** Exercise data follows **

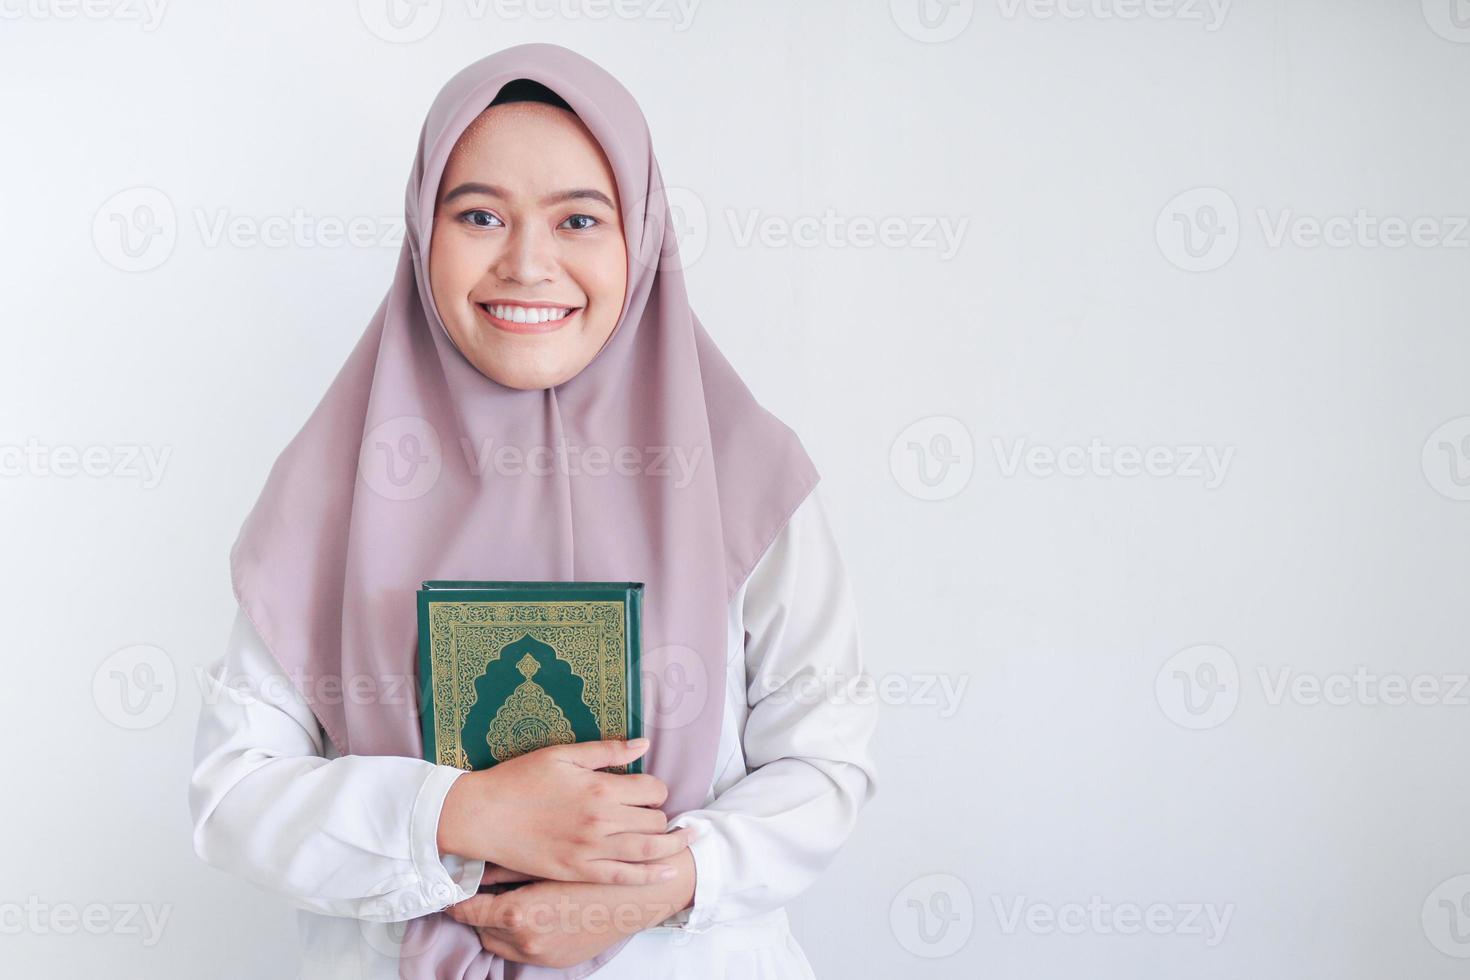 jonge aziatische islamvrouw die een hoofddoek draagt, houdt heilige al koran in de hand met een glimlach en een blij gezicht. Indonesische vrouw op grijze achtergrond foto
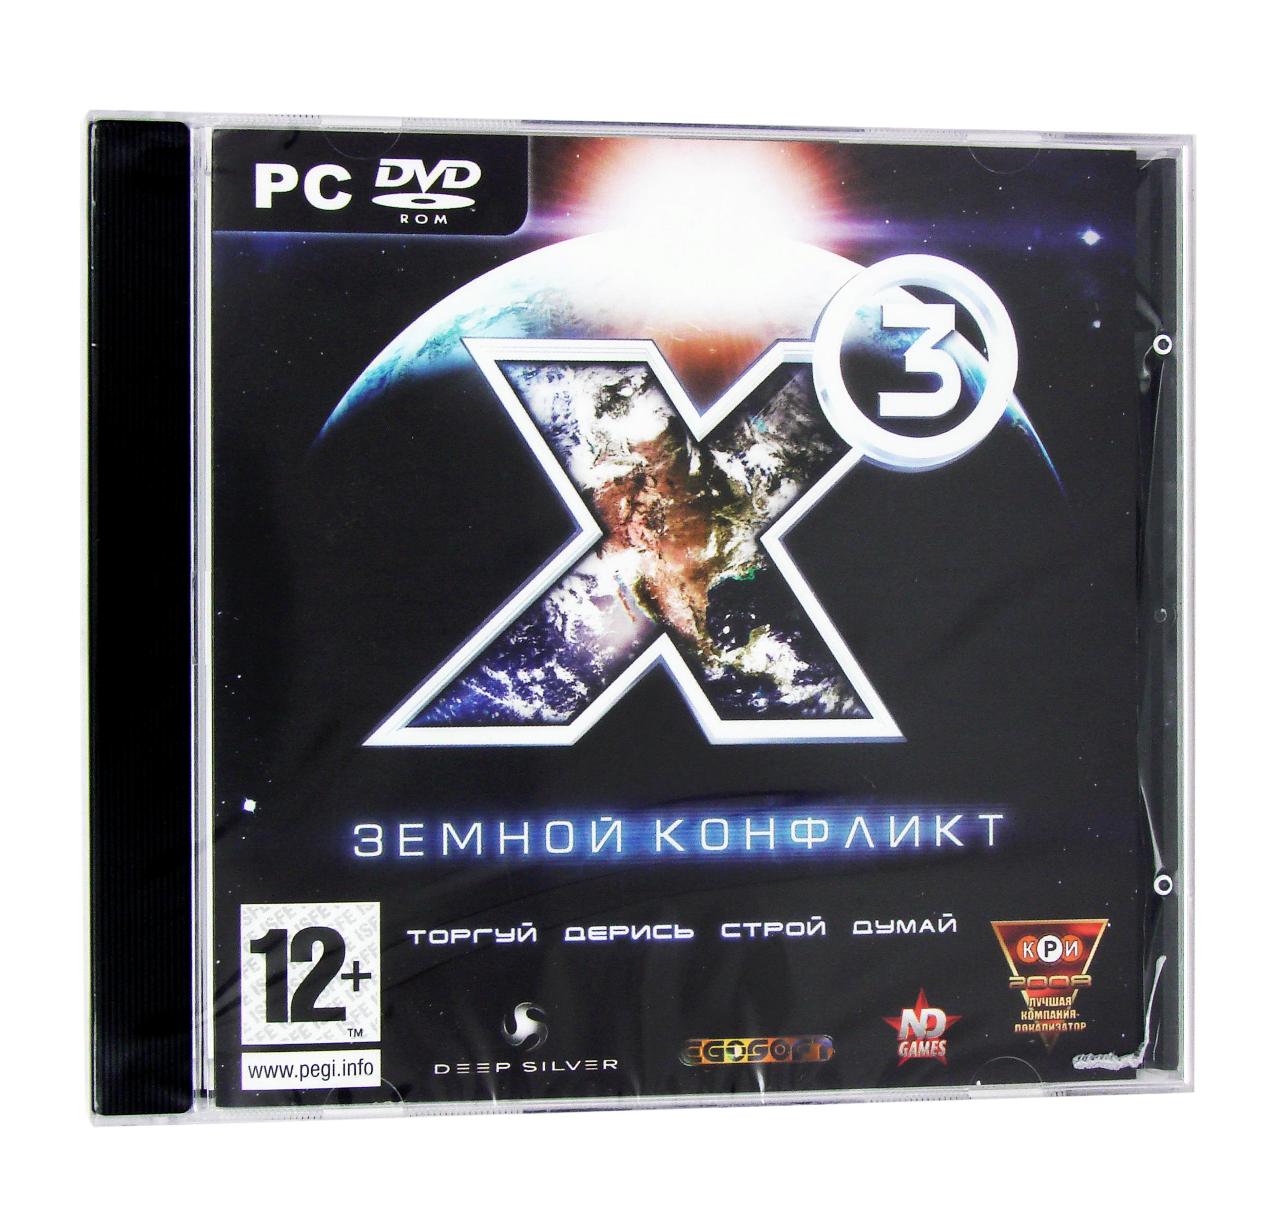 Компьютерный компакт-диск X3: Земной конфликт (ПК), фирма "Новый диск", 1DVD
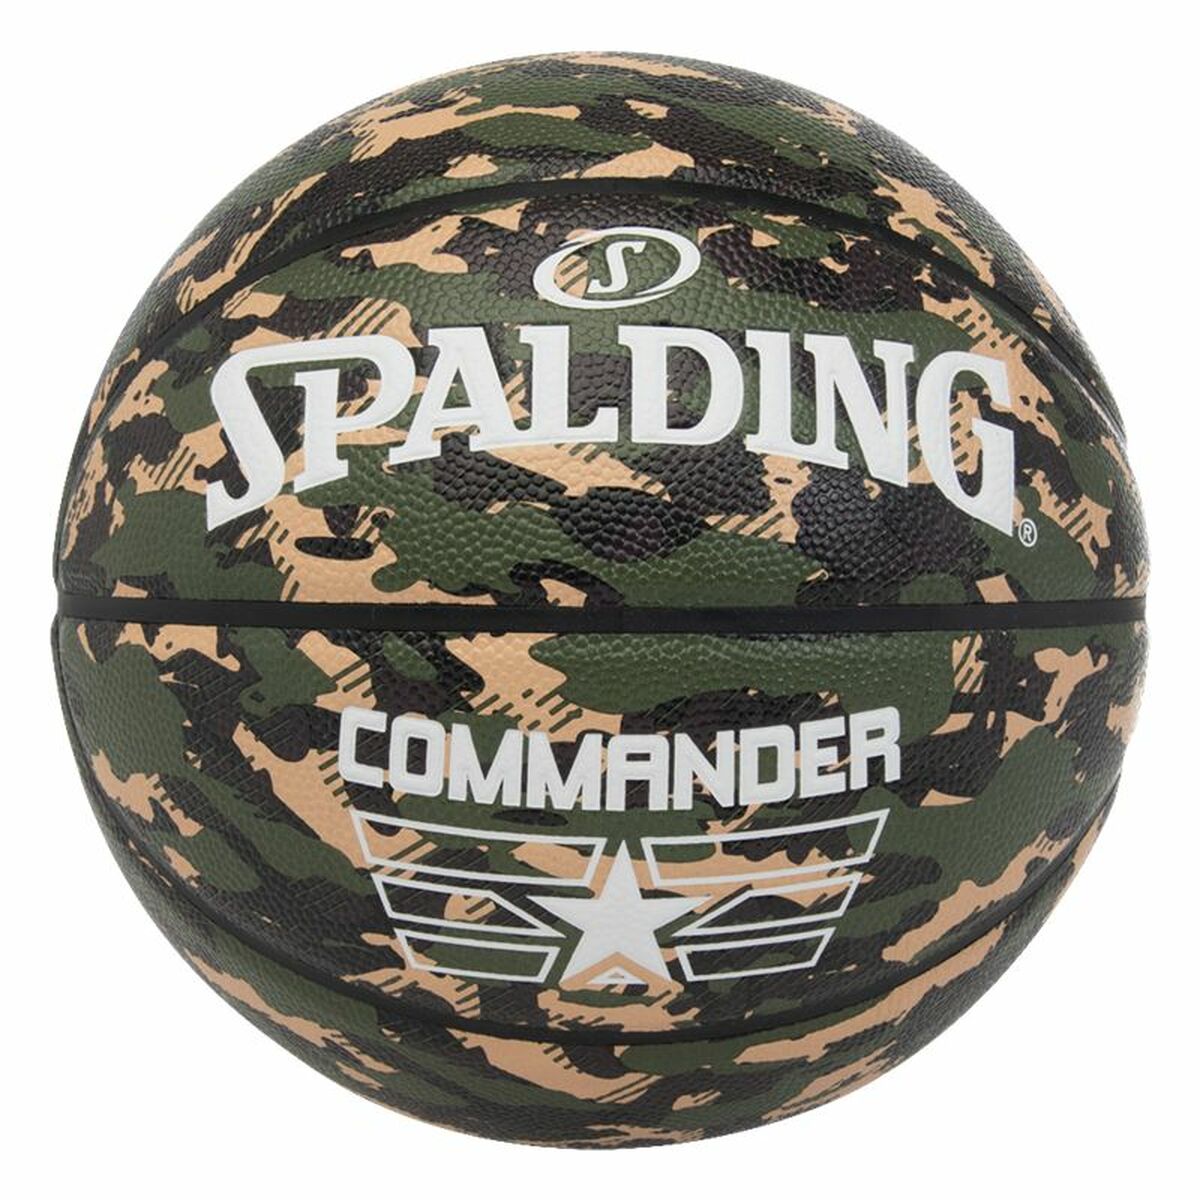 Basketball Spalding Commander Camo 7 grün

** End of Exercise data **

__Task requirements__
Only the lines from the one with "Компьютерный компакт-диск X3: Земной" through the last line above belong in the answer. Reproduce them exactly, without the pictures.

__Written response__
 Компьютерный компакт-диск X3: Земной конфликт (ПК), фирма "Новый диск", 1DVD
 Basketball Spalding Commander Camo 7 grün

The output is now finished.